MATERIAL FOR THIS EXERCISE =>
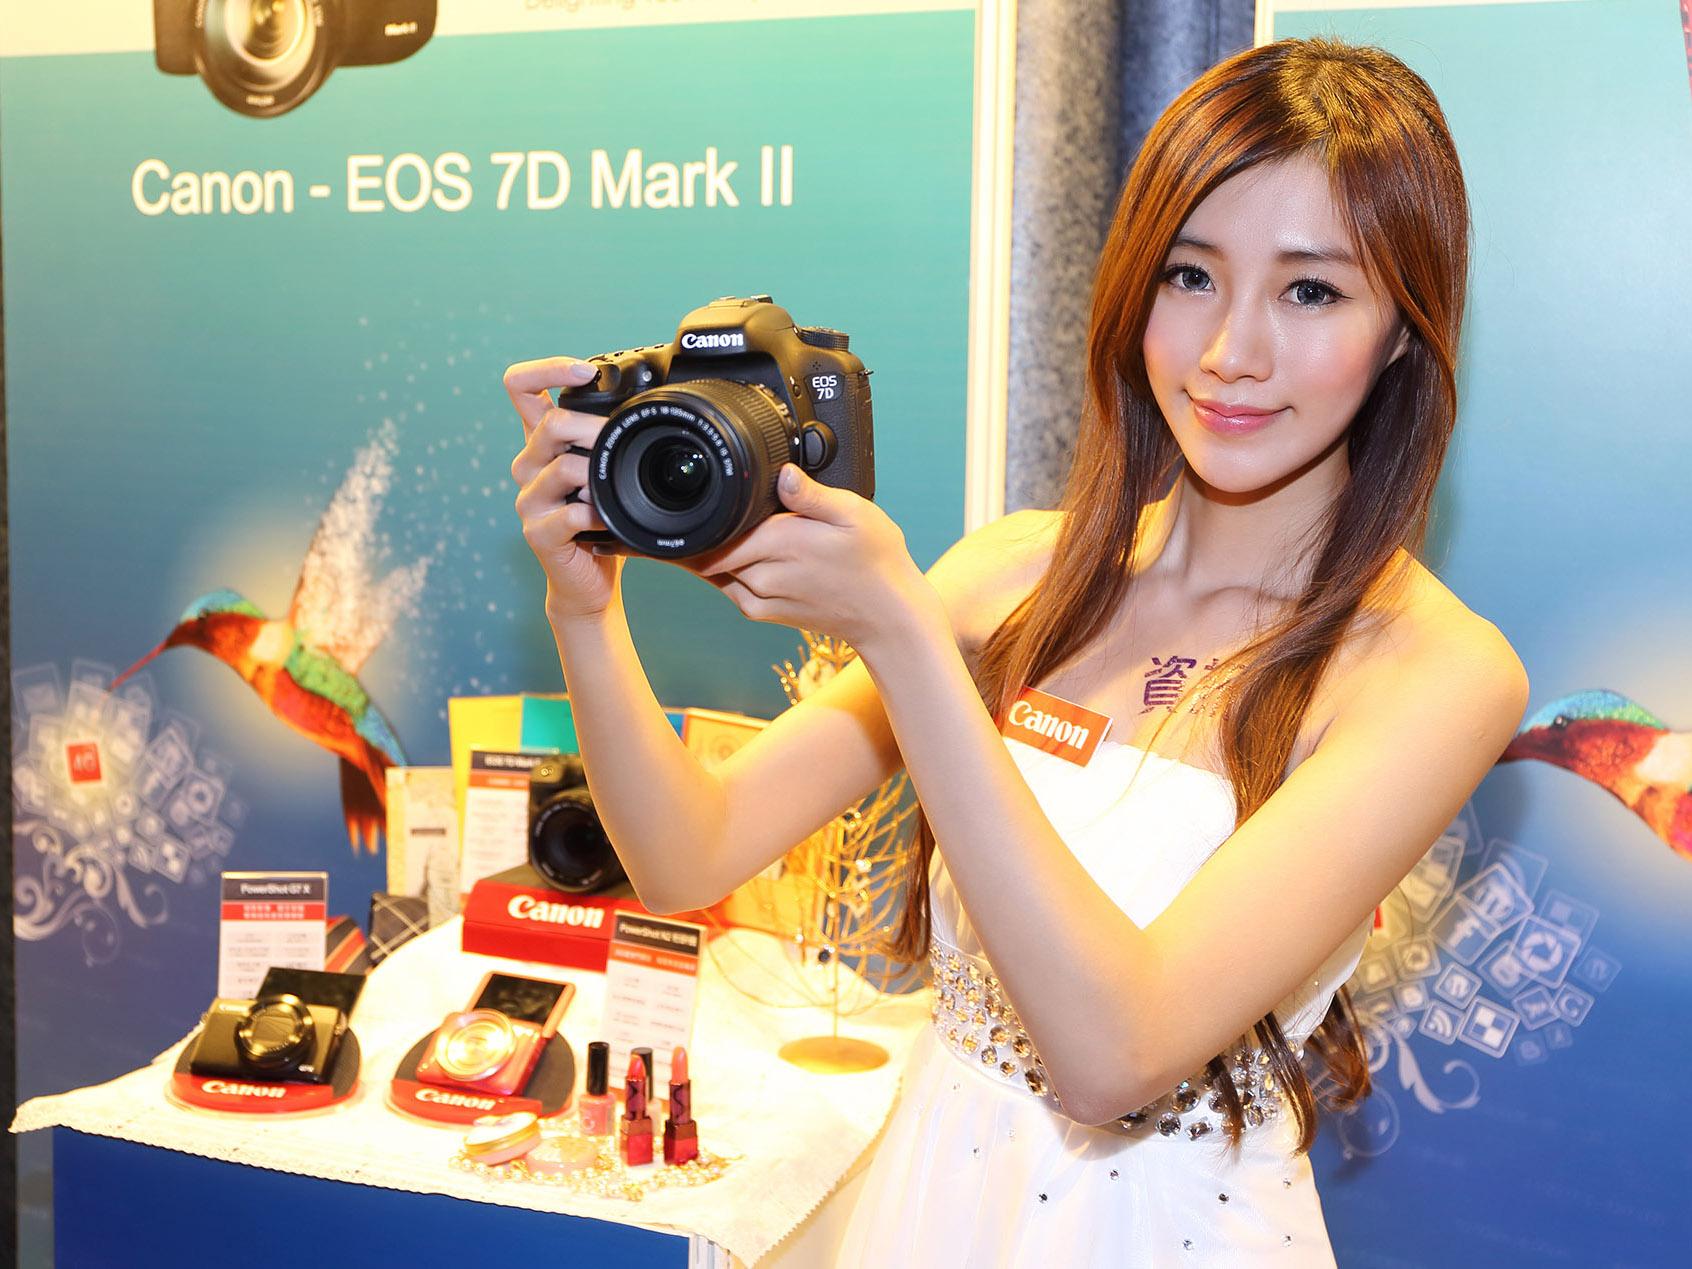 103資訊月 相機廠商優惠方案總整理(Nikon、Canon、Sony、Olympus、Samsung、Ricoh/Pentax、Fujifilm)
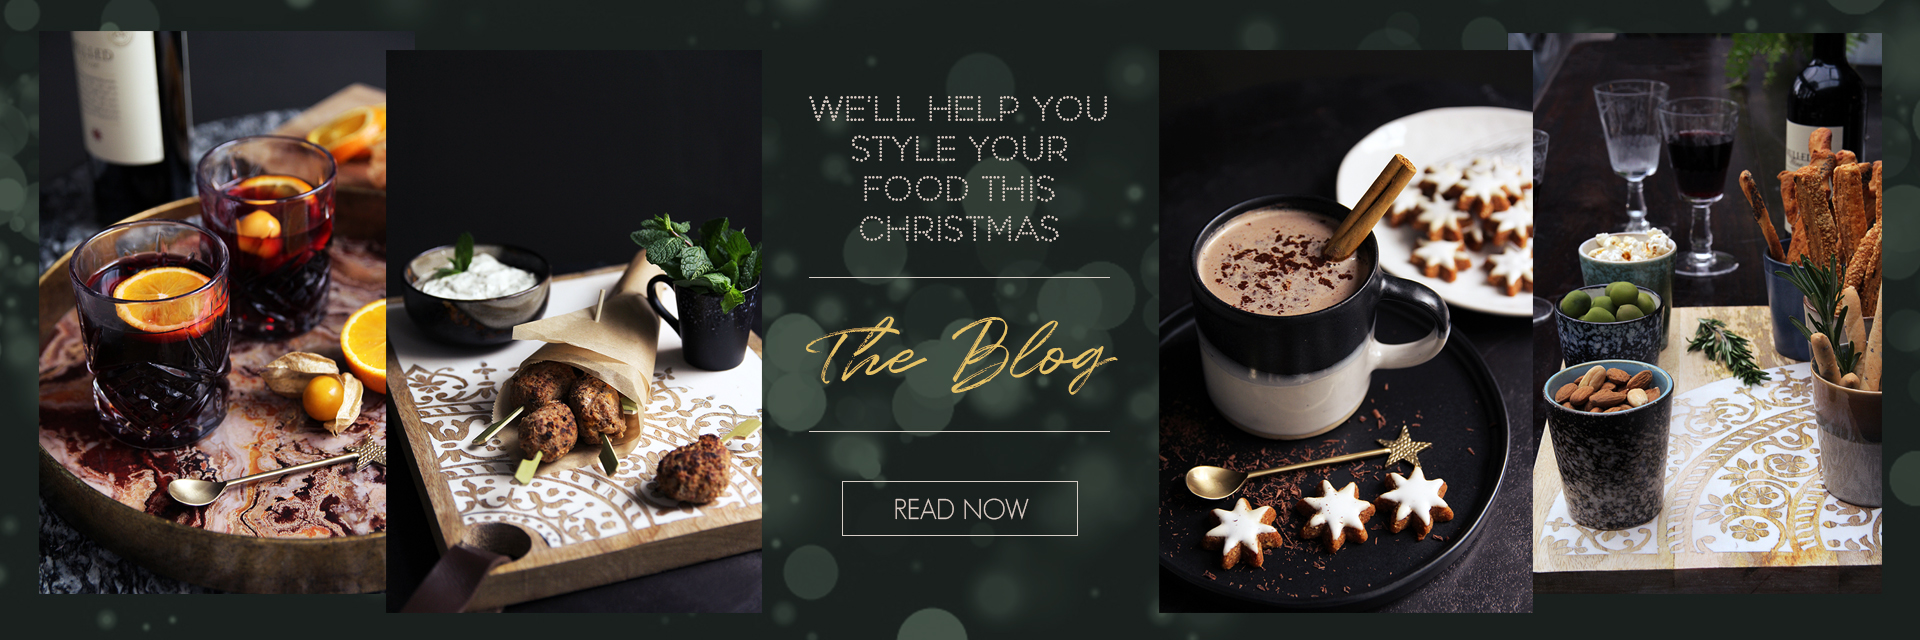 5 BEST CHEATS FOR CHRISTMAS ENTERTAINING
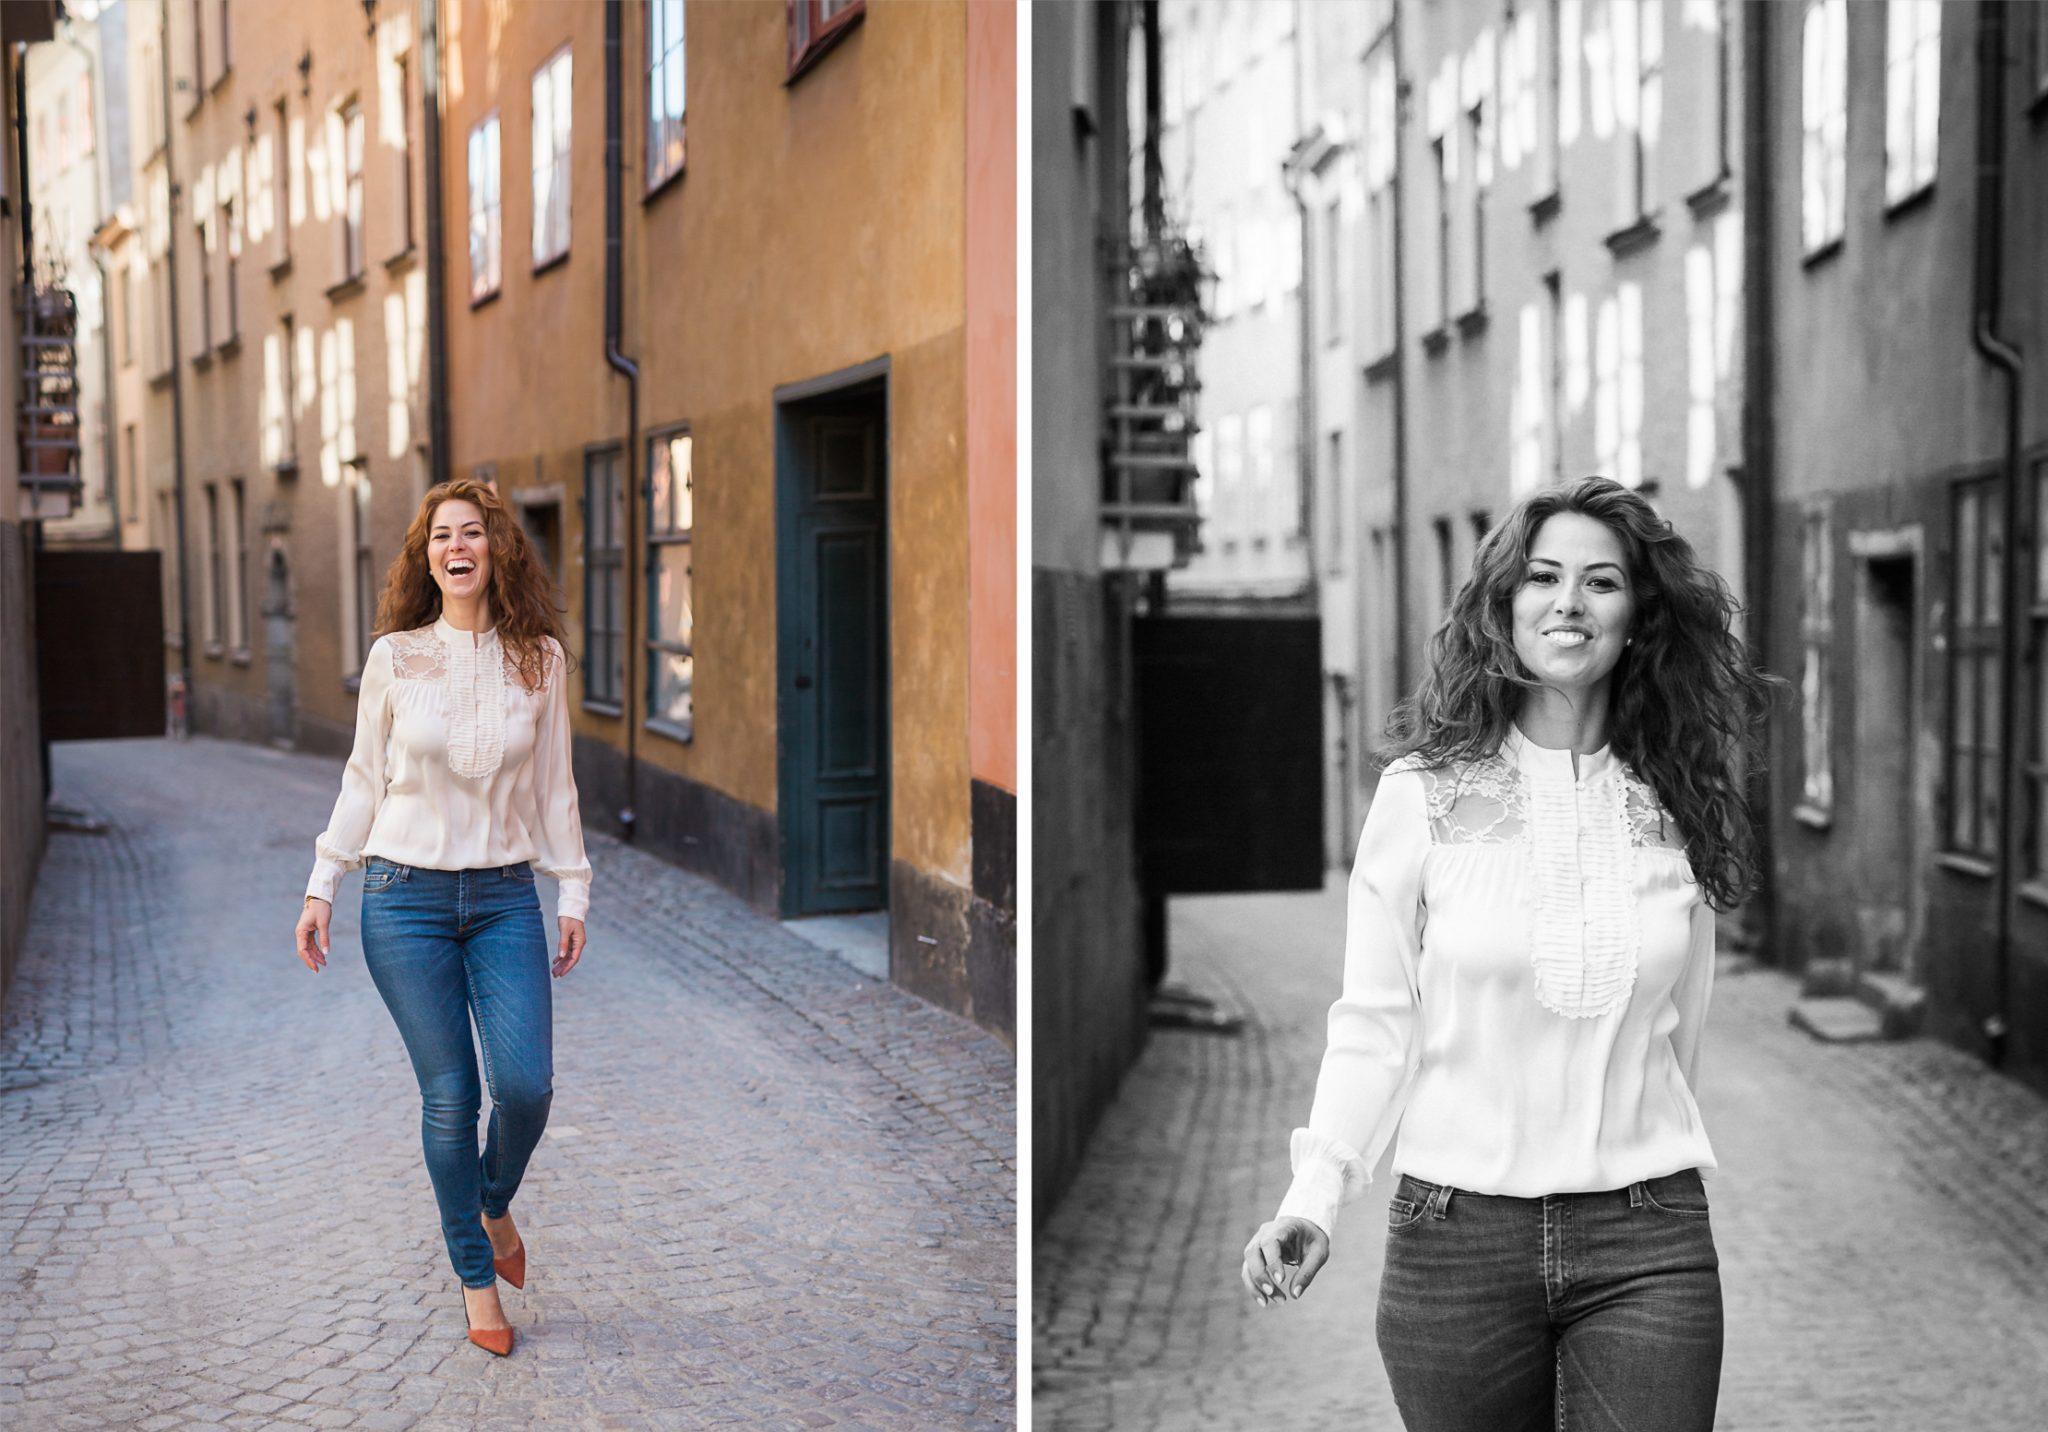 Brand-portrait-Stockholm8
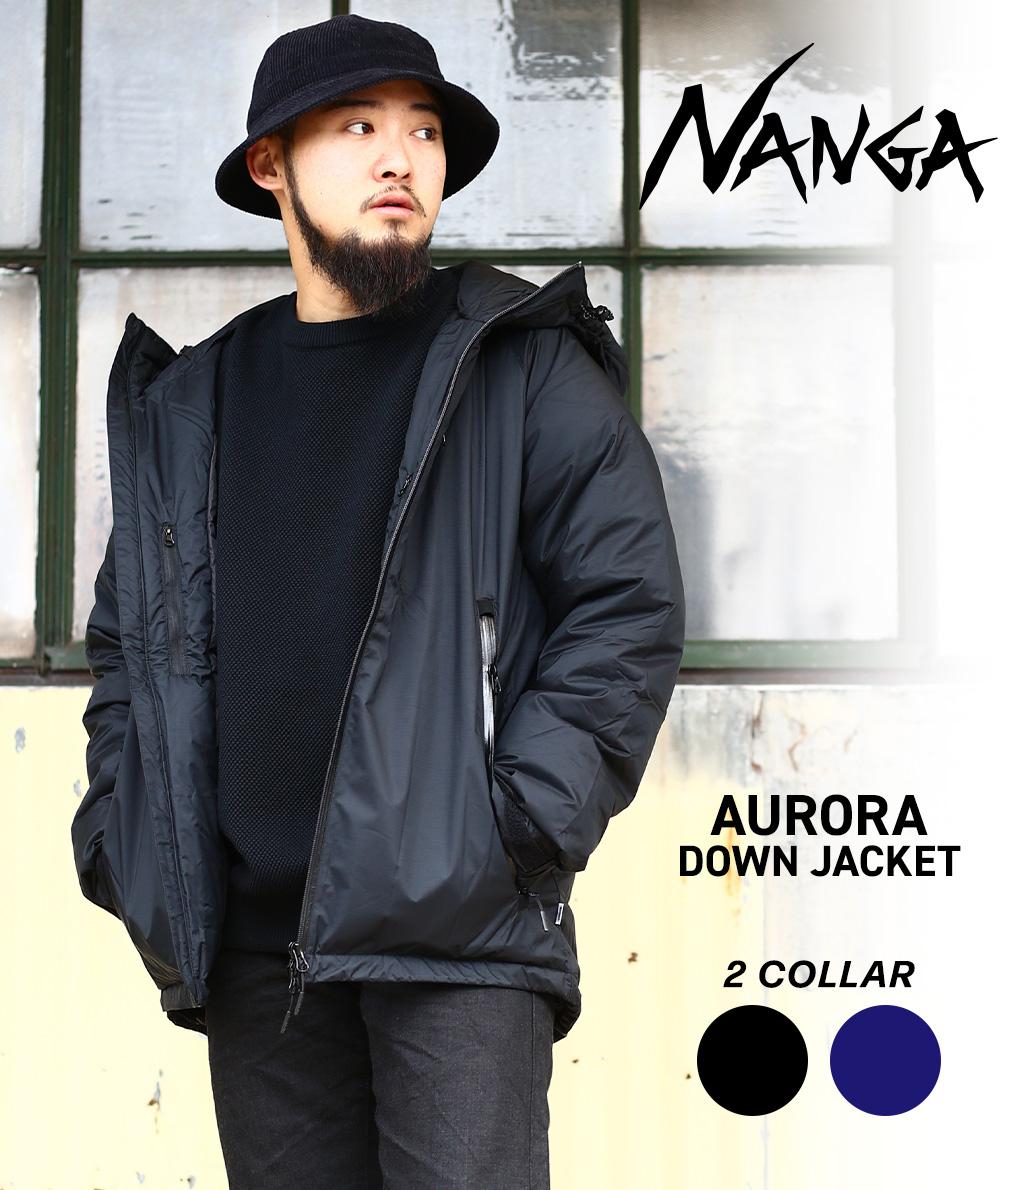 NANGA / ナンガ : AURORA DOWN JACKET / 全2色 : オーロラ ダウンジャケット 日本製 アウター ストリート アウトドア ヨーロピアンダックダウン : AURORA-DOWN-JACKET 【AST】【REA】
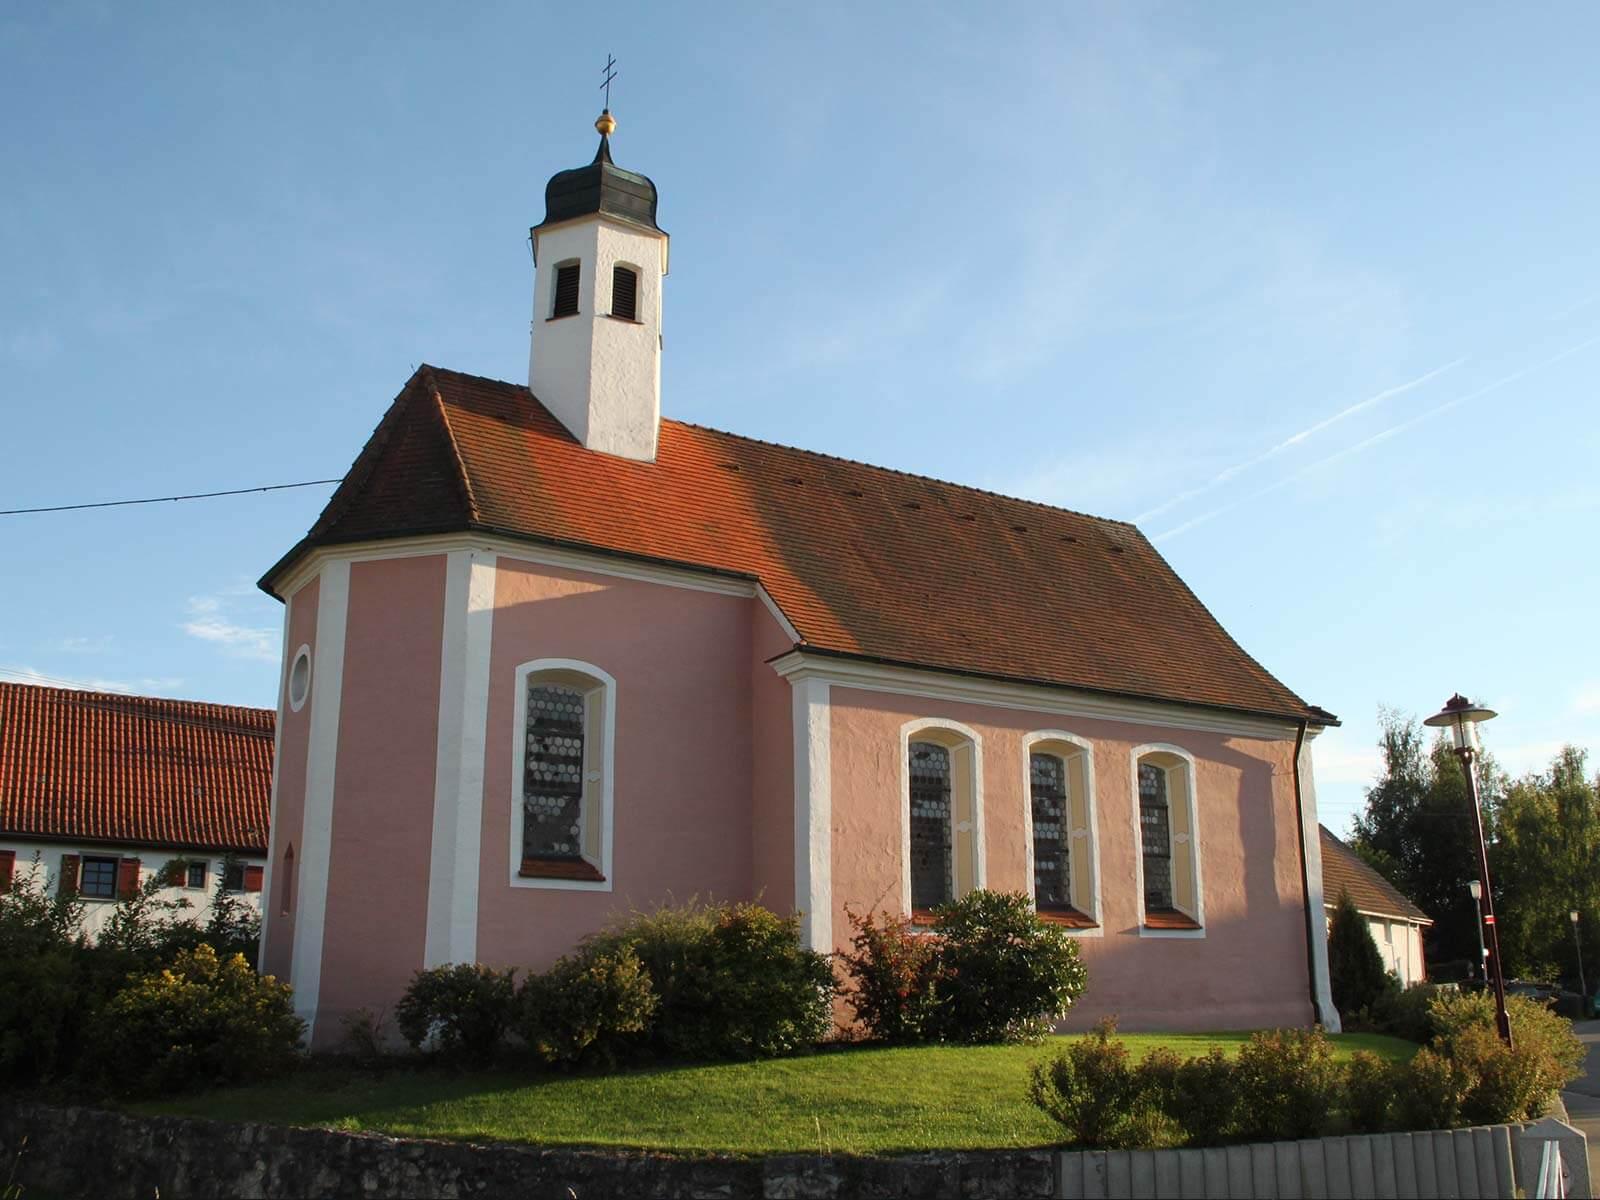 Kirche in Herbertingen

EXERCISE PROMPT => Could you transcribe all of the data exactly and omit the pictures?

EXPECTED OUTPUT =>
 103資訊月 相機廠商優惠方案總整理(Nikon、Canon、Sony、Olympus、Samsung、Ricoh/Pentax、Fujifilm)
 5 BEST CHEATS FOR CHRISTMAS ENTERTAINING
 Brand-portrait-Stockholm8
 NANGA / ナンガ : AURORA DOWN JACKET / 全2色 : オーロラ ダウンジャケット 日本製 アウター ストリート アウトドア ヨーロピアンダックダウン : AURORA-DOWN-JACKET 【AST】【REA】
 Kirche in Herbertingen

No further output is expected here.